30 Years Ago Today – R.E.M. Conquer Big ’90s Alt Rock With ‘Monster’

Followers of R.E.M., both casual and devoted, must’ve been shocked when encountering Monster (released 9/27/94) upon its original release thirty years ago. Far removed from 1991’s Out of Time and the very next year’s Automatic For the People, the acoustic foundations and lavishly orchestrations of the Southern foursome’s most commercially successful records gave way to raucous and robust hard rock, the likes of which had little precedent in the band’s discography (only their breakthrough record Document was anywhere near as loud).

Yet with the retrospect of three decades, the noisy timbre of this ninth R.E.M studio album shouldn’t be all that surprising. After all, the quartet had forsaken touring since 1989 and may well have built up a sizable head of steam that could only be expended at high volume on stage. 

Plus, fatuous as it might sound to compare the DIY stalwarts to the punk-embattled veteran Rolling Stones of 1978 (circa Some Girls), the Georgia-based musicians who had once been at the vanguard of the alternative rock movement in the Eighties may well have also been feeling insecure at the rise of grunge-rock of at the outset of the following decade.

As such, it makes sense R.E.M. would return to something of the enigmatic approach of their early records. For Monster, however, the group and producer Scott Litt chose not to sublimate Michael Stipe’s voice so deeply in the mix: it’s thus hard to miss the menacing air of his vocals on “Crush with Eyeliner” and even more so “Bang and Blame.” 

Given how it resides within so much instrumental clamor around and behind him, the expressive tenor of Michael’s singing is all the more laudable (even to his own ears, as he’s stated in recent years). But this musical decision is not just a matter of taste and/or preference for a more conventional sound: the songs themselves, if not the performances of them, sound slightly less foreboding and thus more accessible with the lead vocalist further to the fore.

On those terms, the claustrophobic haze lessens when hearing the characters speak and act in material like “I Don’t Sleep, I Dream.” And especially in Clif Norrell’s remix of the 2019 anniversary reissue, with the guitars less upfront, the confining air dissipates dramatically, even on tunes such as “You” or “Let Me In.” 

Still, the emphasis on Peter Buck’s new (at the time) guitar rig remains fascinating in all its jagged, distorted glory. While to some degree, riffs like those of “What’s the Frequency, Kenneth” recall the loud chording on the 1987 album above (containing “The One I Love”), that record had virtually none of the barbed edge on display here (nor quite so much contrast with the detailed nuances of bassist Mike Mills’ counterpoint background vocals).

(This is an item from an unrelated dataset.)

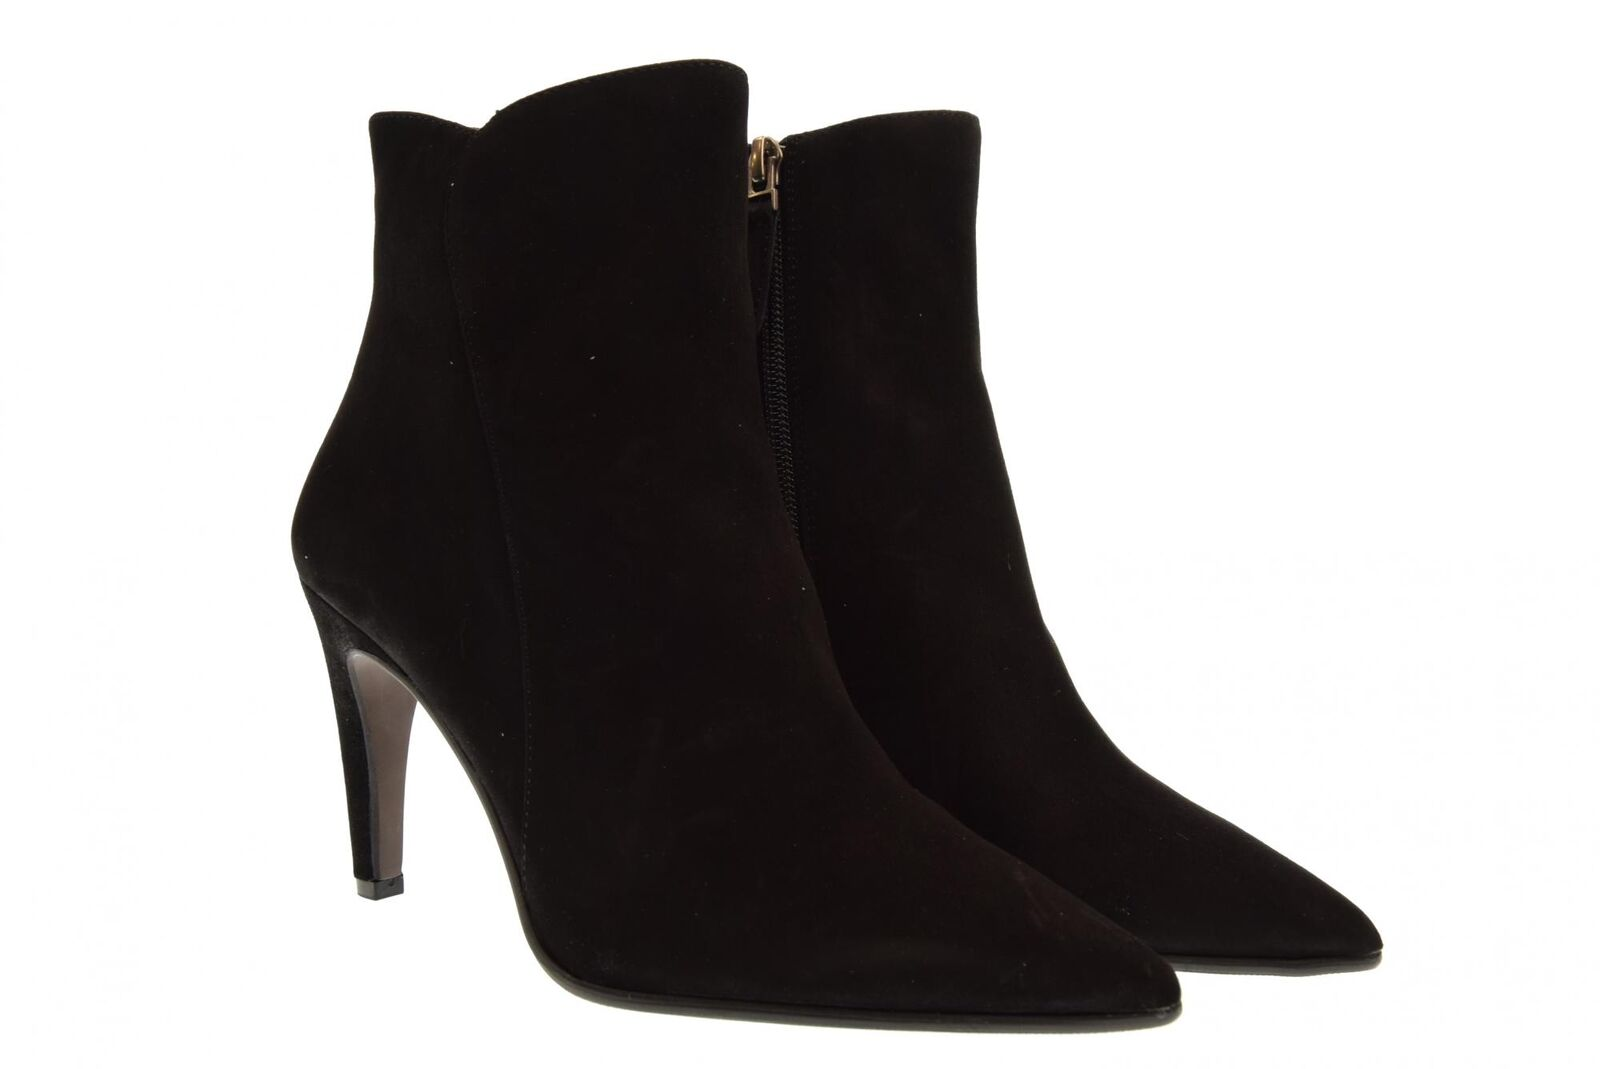 953e54f08b52db Cris Cris Cris Vergre' A18f chaussures femme bottines à talon haut I2903X |  Un Design Moderne | Caracteristique 3a4e77

The ever-idiosyncratic quartet that was R.E.M. had always functioned like a distinctly unified entity, and, in hindsight, their collective attitude may never have been more telling than on Monster. Even if only apocryphal, post-release stories of a preponderance of LPs in used record stores testify to the sharply left-field genesis of the title and the proportionally less positive response of a mainstream that had embraced its two predecessors. 

Still, it’s more than a little ironic that the courageous formulation of R.E.M.’s 1994 record itself emboldened the four musicians to assemble its next new long-player from material that took shape in soundchecks and on stage while on the road in support of the release. Still, even as New Adventures in Hi-Fi was the first release in the wake of re-upping the group’s label contract via a mammoth deal with Warner Bros, the business-related theme is less germain to the overall narrative of the band: the 1996 title was the final studio effort with drummer/co-founder Bill Berry. 

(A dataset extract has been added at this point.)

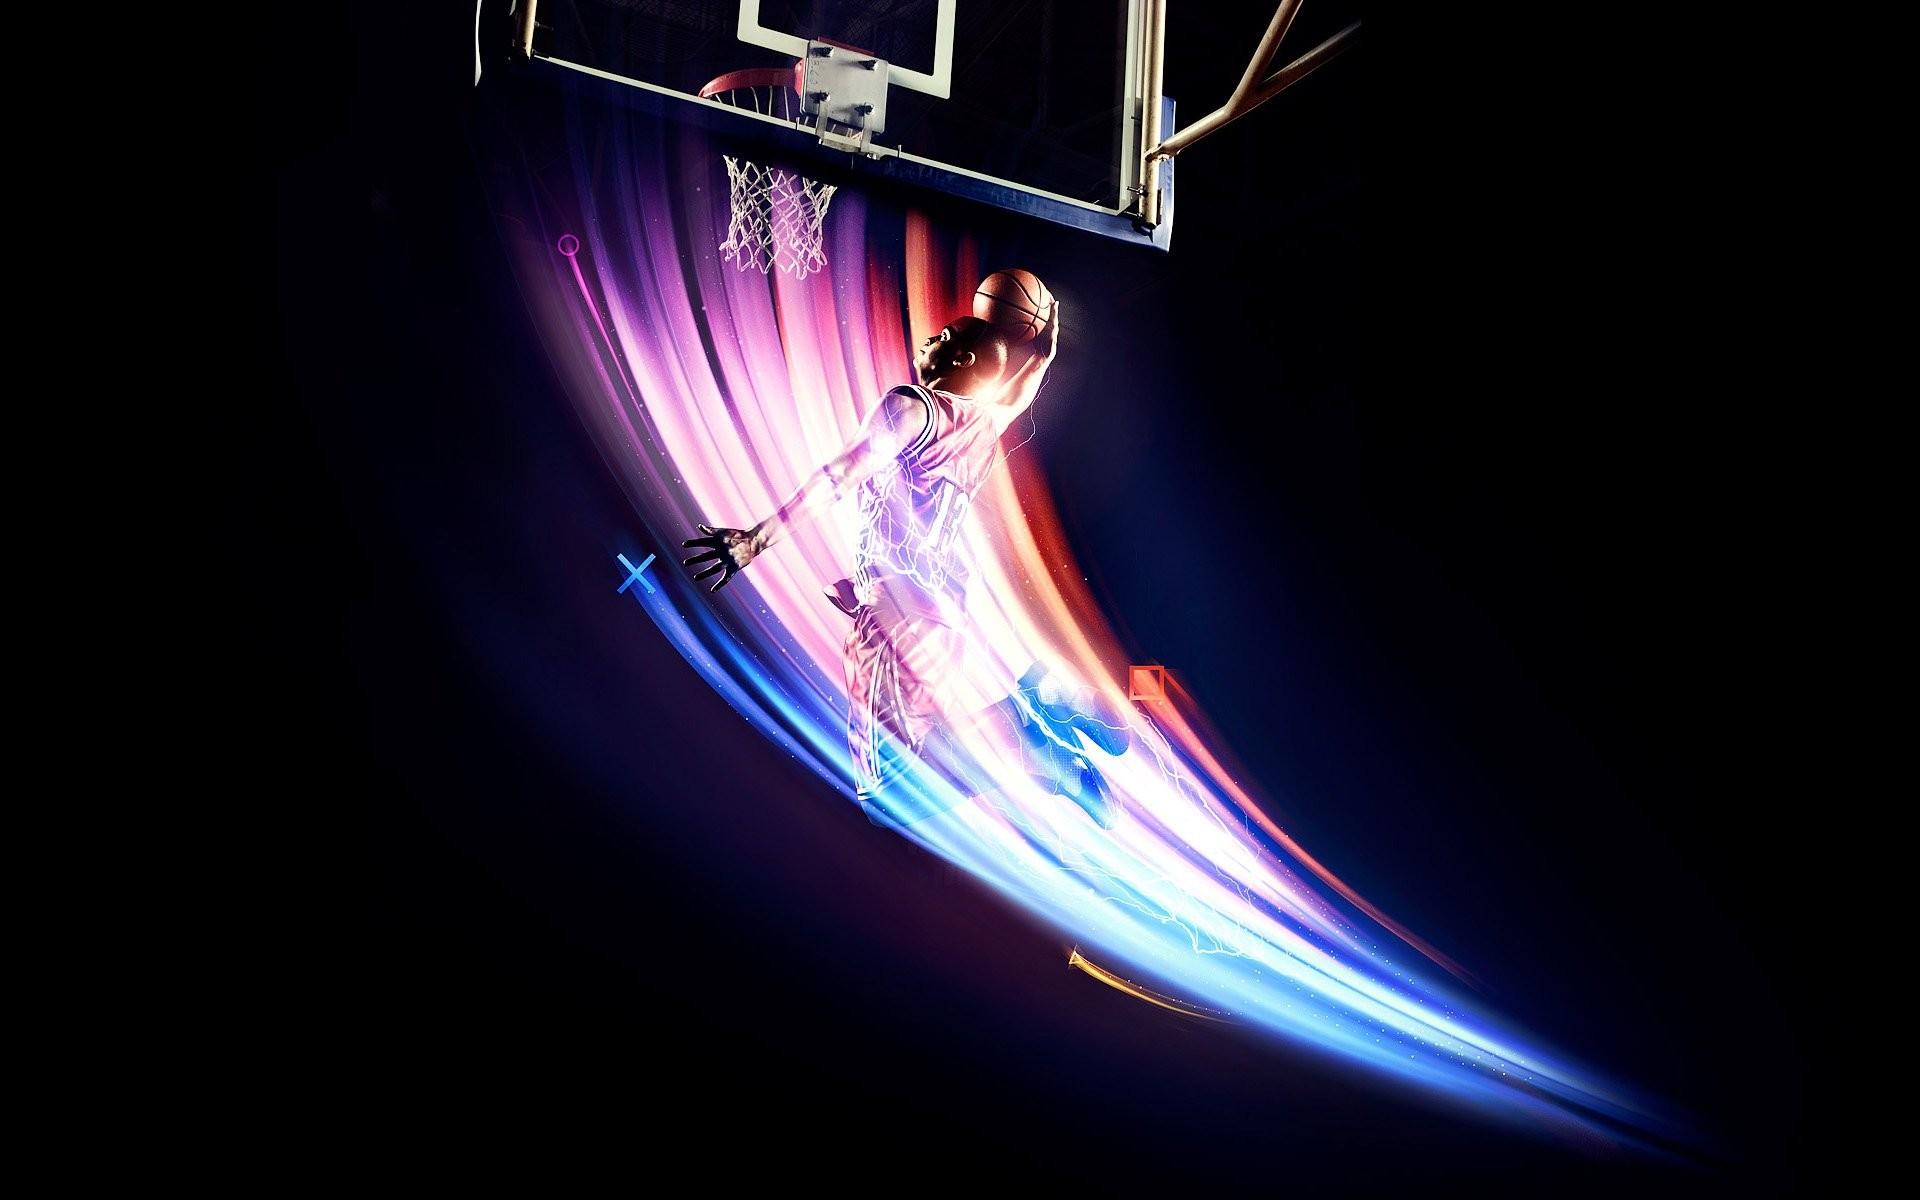 1920x1080 http://wallpaperformobile.org/7992/cool-basketball-wallpaper.html - Cool Basketball Wallpaper | HD Wallpapers | Pinterest | Wallpaper

His departure thus ripped asunder a chemistry rare in the history of contemporary rock, one the group would never recover despite all its best efforts—with additional musicians in tow alongside the core three—on long-players such as Reveal five years later.

With three decades’ perspective (and more) on the changing cultural zeitgeist, however, this project of R.E.M.’s appropriately dubbed Monster doesn’t sound much less contrary to the(ir) times than Murmur or Fables of the Reconstruction from some ten years or so prior.